Tingkatan tertinggi, yakni ia hanya makan hanya untuk bertahan hidup. Artinya, jika ia tidak makan, maka kehidupannya akan terancam. Ini adalah kebiasaan para ahli kebenaran (shiddiqun). Bagi mereka, menjadi lemah karena berlapar-lapar lebih utama dibanding menjadi kuat karena banyak makan. (Ihya`, Jil. 3, h. 111)

Jika belum mampu mencapai tingkatan pertama, maka seseorang dapat mencoba latihan pada tingkatan kedua, yakni hanya mengonsumsi makanan sebanyak setengah mud dalam satu hari satu malam. Setengah mud di sini oleh al-Ghazali disetarakan dengan sepertiga ukuran perut, yang jika dikira-kira adalah sejumlah beberapa suapan dan tidak lebih dari sepuluh suap.
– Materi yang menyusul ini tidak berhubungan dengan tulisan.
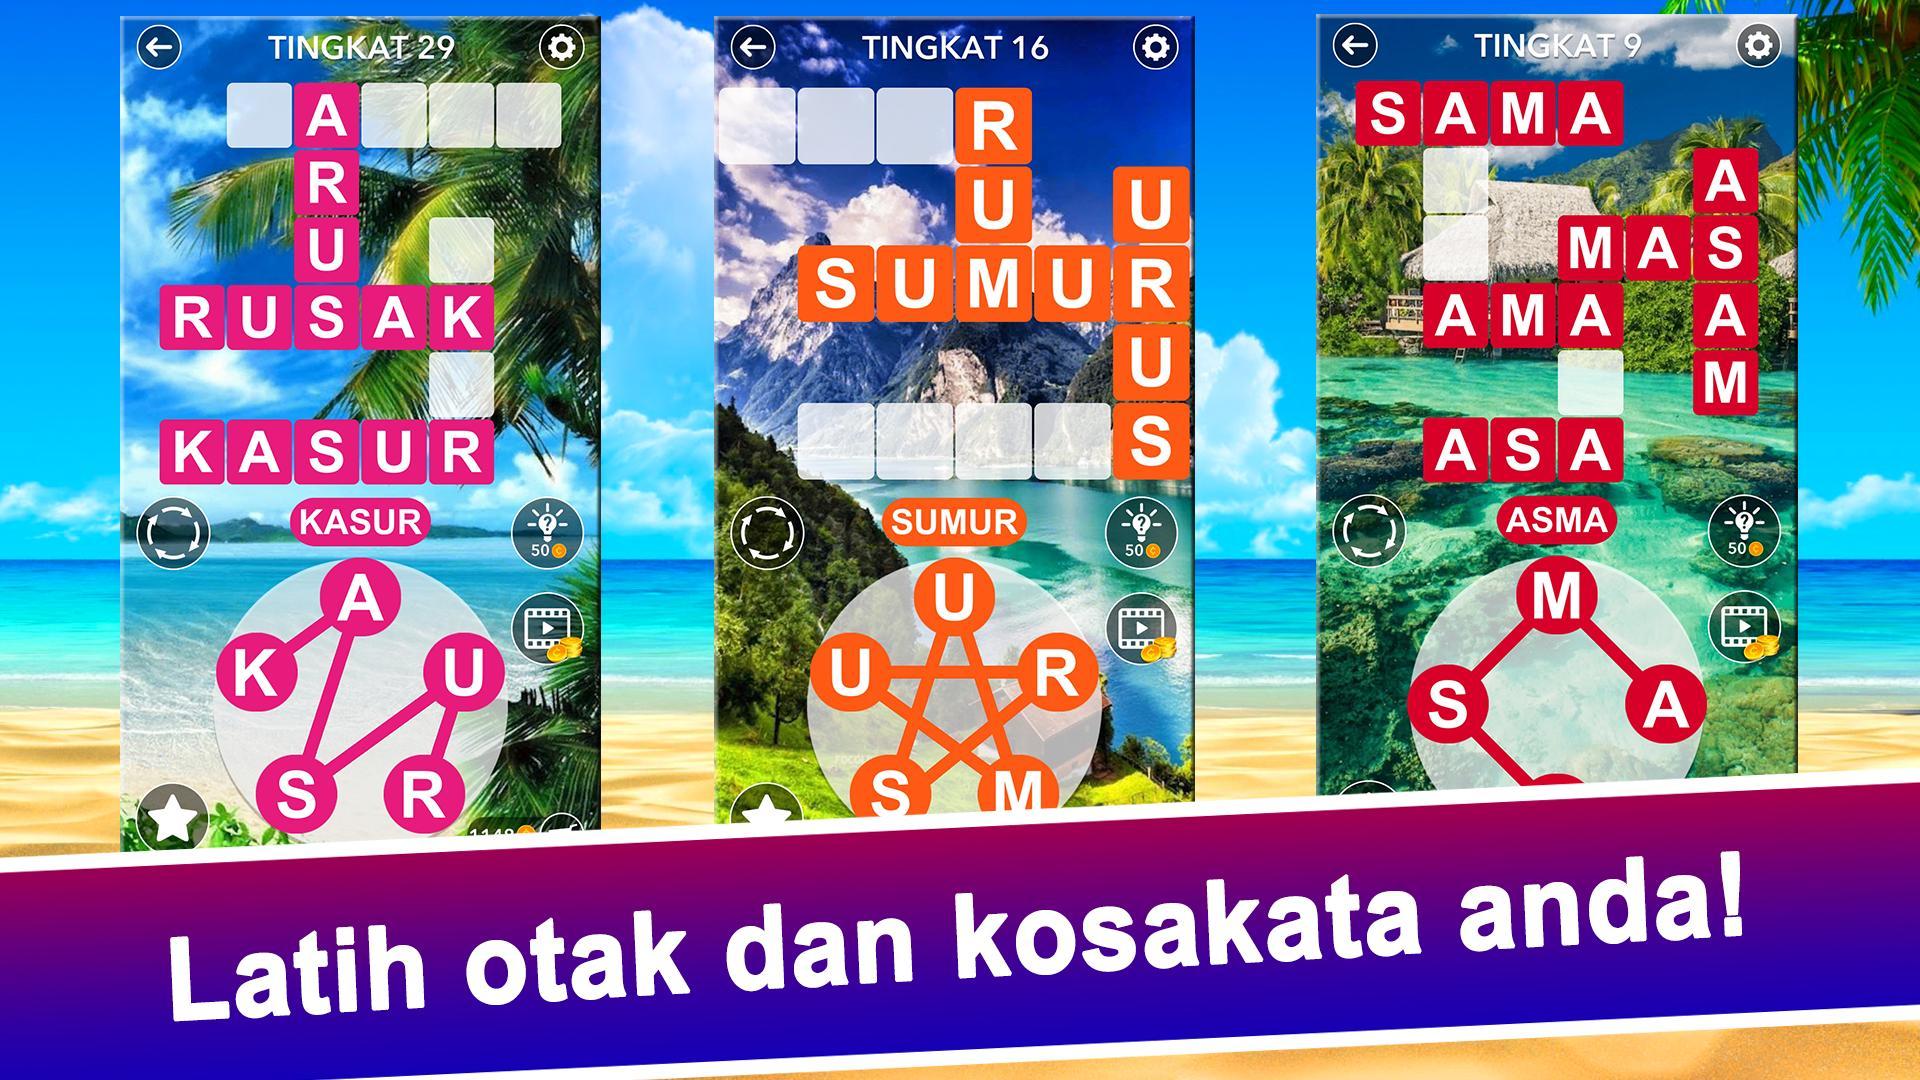 Kata Lintas Pencarian Teka Teki Silang Indonesia For Android Apk Download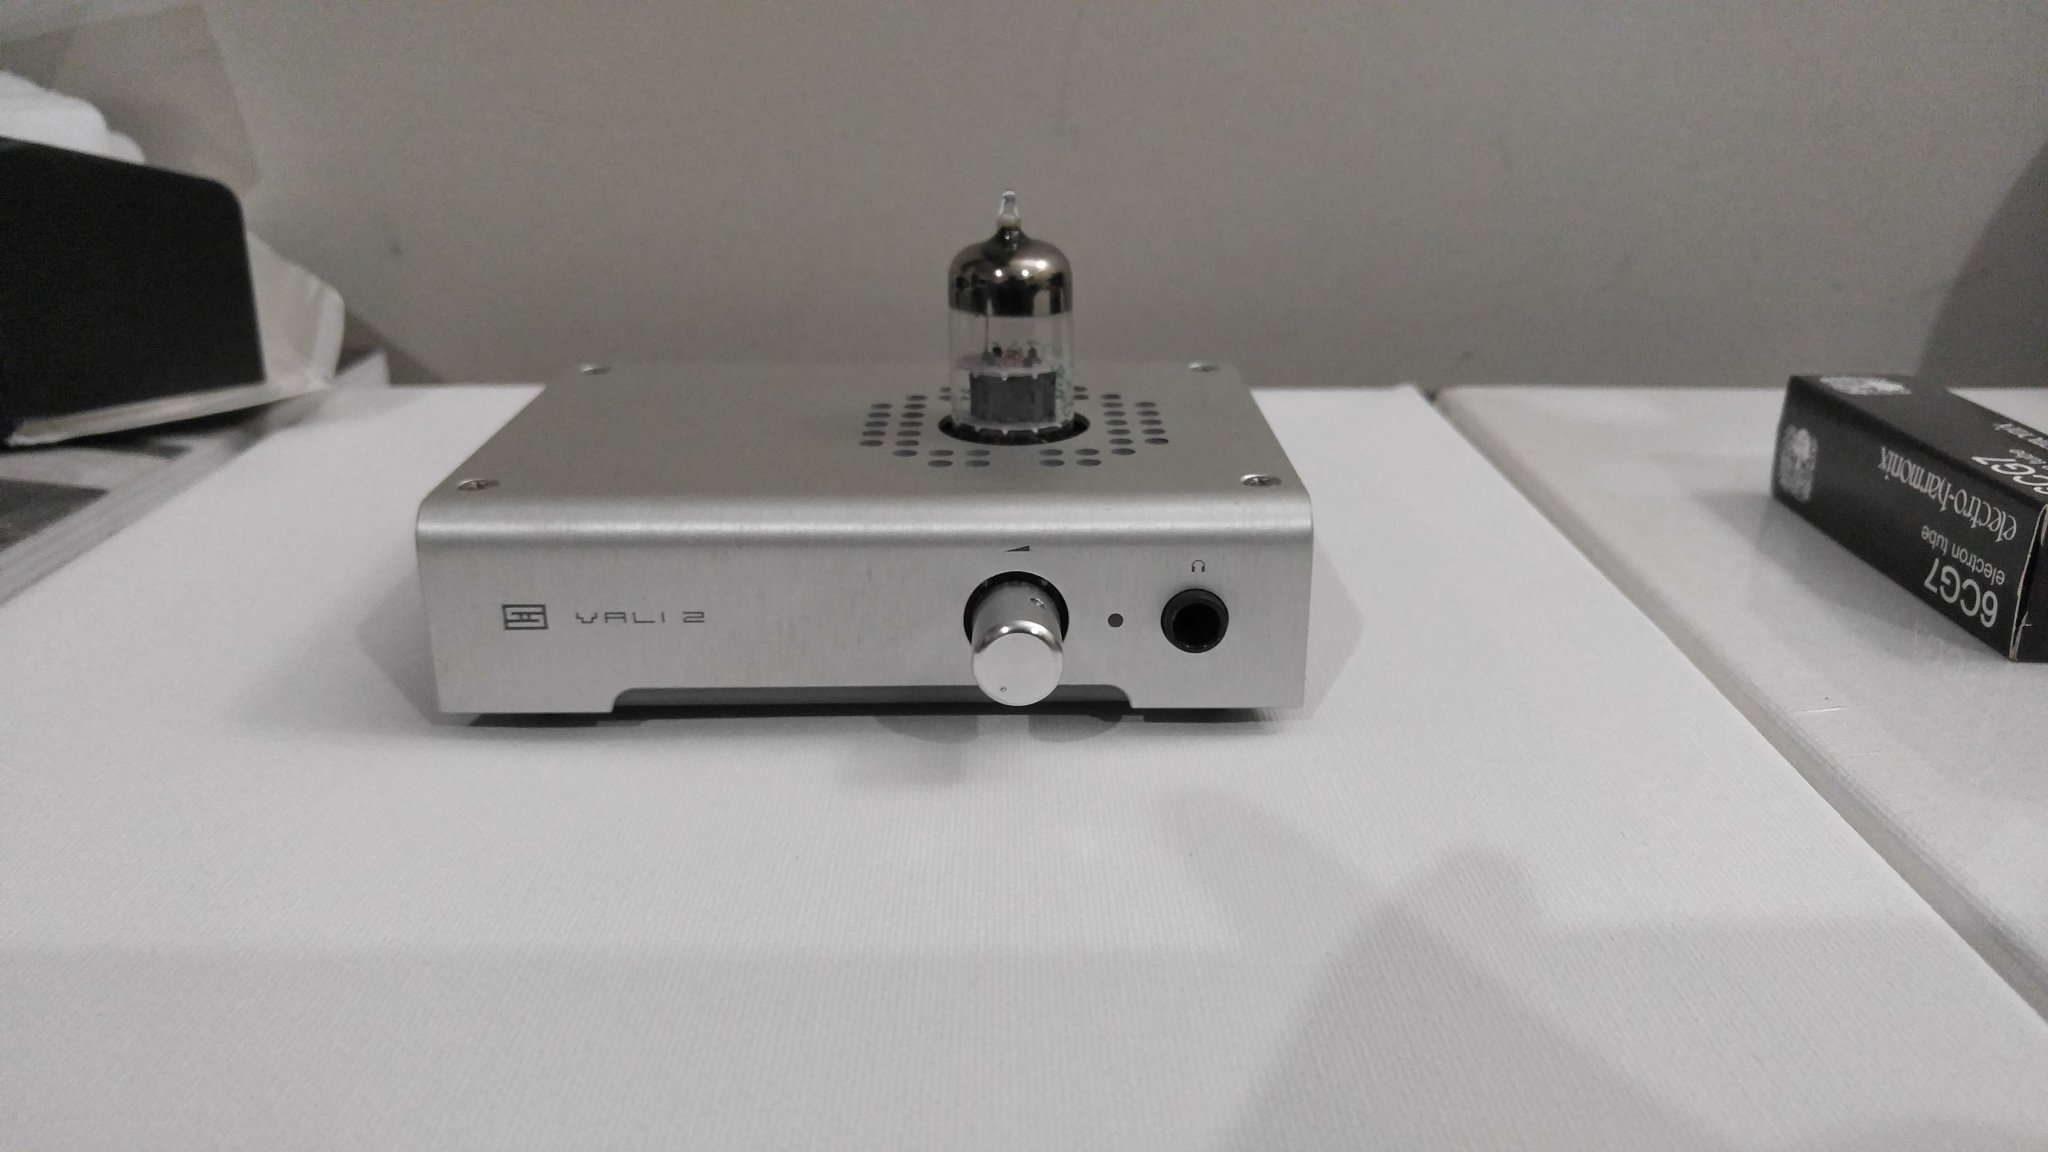 SOLD]WTS: Schiit Vali 2 + Tubes $130   Super Best Audio Friends

Jika masih belum mampu juga, maka seseorang dapat mencoba latihan pada tingkatan ketiga, yakni hanya mengonsumsi makanan sebanyak satu mud dalam satu hari satu malam. Ini berarti sama dengan dua kali porsi pada tingkatan yang kedua. (Ihya`, Jil. 3, h. 112)

Dan, jika masih belum mampu, maka seseorang dapat mencoba latihan pada tingkatan keempat, yakni mengonsumsi sebanyak lebih dari satu mud hingga satu mann (sekitar 4 mud atau ukuran minimal zakat fitrah). Lebih dari itu, maka seseorang dianggap telah makan secara berlebih-lebihan.

Al-Ghazali menegaskan bahwa batasan-batasan di atas adalah porsi kebanyakan orang, mengingat porsi makan setiap orang berbeda-beda sesuai dengan usia, metabolisme setiap orang, hingga kesibukan yang sedang dijalankan. Namun, beliau juga mengatakan bahwa batasan tersebut tetap perlu dibuat sebagai patokan karena perbedaan kebutuhan setiap orang yang telah disebutkan sebelumnya.

Di samping keempat tingkatan yang telah disebutkan, terdapat tingkatan lagi yang tidak ada batasan jelas, yakni makan hanya ketika lapar. Namun, karena batasan lapar itu sendiri tidak jelas, seseorang akan mudah tertipu, dengan kata lain bisa jadi dia merasa telah lapar padahal sebenarnya dia tidak lapar atau hanya kepengen. Karena, menurut al-Ghazali ada yang disebut al-Ju’us Shadiq (lapar beneran) dan al-Ju’ul Kadzib (lapar bohongan).

Untuk membedakannya, al-Ghazali menyebutkan dua tanda yang menunjukkan bahwa seseorang benar-benar lapar. Pertama, ketika seseorang melihat makanan pokok tanpa makanan tambahan (lauk), ia sangat bernafsu untuk memakannya. Misalnya, di Indonesia yang makanan pokoknya adalah nasi, ketika seseorang hanya menemukan nasi untuk dimakan, ia akan memakannya dengan lahap meski tidak ada lauk pelengkap.

Kedua, ketika seseorang meludah, tidak ada lalat yang hinggap di ludahnya, disebabkan tidak ada kandungan sisa zat-zat makanan yang terdapat pada ludah tersebut. Karena dua batasan ini dapat dikatakan cukup ‘esktrem’, al-Ghazali mencukupkan dengan batasan selama seseorang tersebut mampu beribadah, dan jika sudah tidak ada lagi energi untuk beribadah, maka saat itulah seseorang sedang lapar beneran, dan hendaknya dia makan untuk mengisi energinya agar dapat beribadah.

Meski batasan dalam setiap tingkatan di atas tidaklah mutlak, namun dapat disimpulkan bahwa dalam rangka mengendalikan nafsu perut, mengurangi porsi makan dilakukan secara bertahap, hingga akhirnya dia benar-benar mampu mengendalikan nafsu perutnya. Wallahu a’lam.